Karsten Forsterling (born 21 January 1980) is an Australian former representative rower. He was a national champion, world champion, a dual Olympian and Olympic medal winner. He represented Australia at eight senior world rowing championships between 2002 and 2019 in both sculling and sweep oared boats.

==Education==
Born in Newcastle, New South Wales, Forsterling was schooled at St Vincent's Primary in the ACT and took up rowing in high school at the Melbourne Grammar School.

He graduated from Monash University in Melbourne with a B.Engineering in 2001, and at one time worked for the multinational consulting firm AECOM.

==Club and state rowing==
Forsterling rowed from the Melbourne University Boat Club with whom he has had a long association.

On eleven occasions during the fifteen-year period from 2001 to 2015 Forsterling was seated in Victorian men's eights which contested the King's Cup at the Australian Rowing Championships. In those crews Fosterling saw six King's Cup victories and five times placed second. In 2011 and 2016 he was also Victoria's selectee to contest the interstate men's Single scull – the President's Cup. He placed second on both occasions.

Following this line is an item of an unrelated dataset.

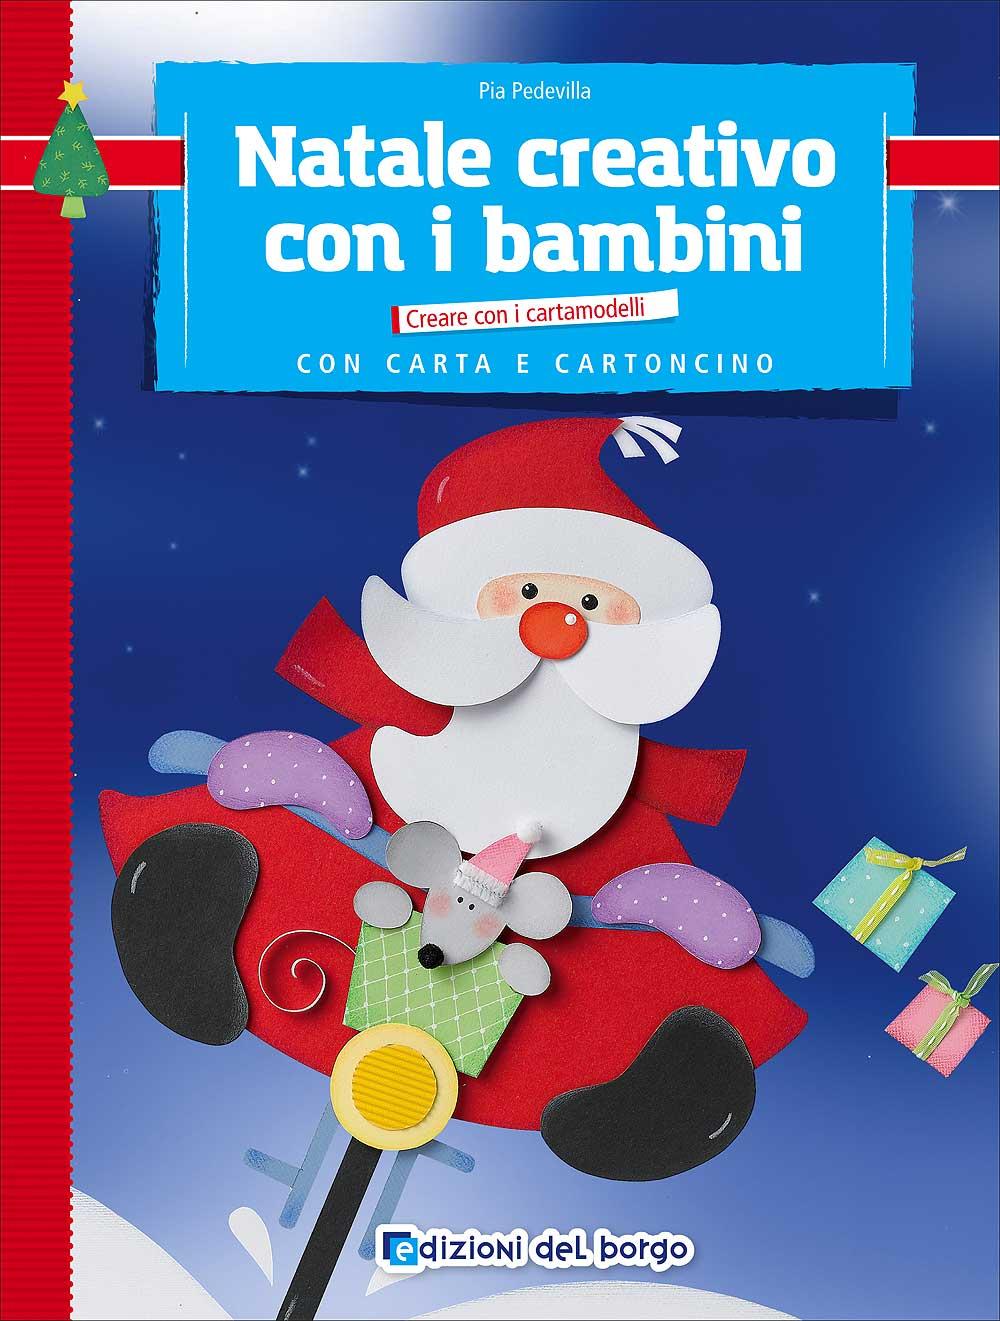 Natale creativo con i bambini con carta e cartoncino

In 2011 he won he Australian national quad scull title in an Australian selection composite crew.

==International rowing career==
At the 2010 World Rowing Championships in Karapiro he finished 3rd in the men's quadruple sculls (M4x) event, in a crew with David Crawshay, James McRae, and Daniel Noonan.

At the 2011 World Rowing Championships in an upset, Forsterling rowing in the Australian men's quad defeated the German crew to take gold. Following a costly mistake in the German boat, the Australian crew took the lead in the final metres and won the race by 0.25secs.

At the 2012 London Olympics, Forsterling won bronze in the Men's quadruple scull in a time of 5:45.22 in a crew with Chris Morgan, James McRae and Daniel Noonan.

At the 2015 World Rowing Championships on Lac d'Aiguebelette, Aiguebelette in France he finished 2nd in the men's quadruple sculls (M4x) event, rowing with David Crawshay, Cameron Girdlestone and David Watts.

In 2016 along with James McRae, Cameron Girdlestone and Alexander Belonogoff, Forsterling won the silver medal in the Australian quad at the Rio 2016 Olympics.

In 2019 after a three year absence from the Australian senior squad, an injury to James Medway following the World Rowing Cup III in Rotterdam saw Fosterling called back into the Australian eight for the 2019 World Rowing Championships in Linz, Austria. The Australian eight had made the A finals at both World Rowing Cups of 2019 and were looking for a top five finish at the 2019 World Championships to qualify for the Tokyo Olympics. The eight placed second in their heat and fourth in the final and qualified for Tokyo 2020.

==Personal==
Forsterling announced his retirement from rowing in January 2020, aged 40. He is married to Fiona and has three children.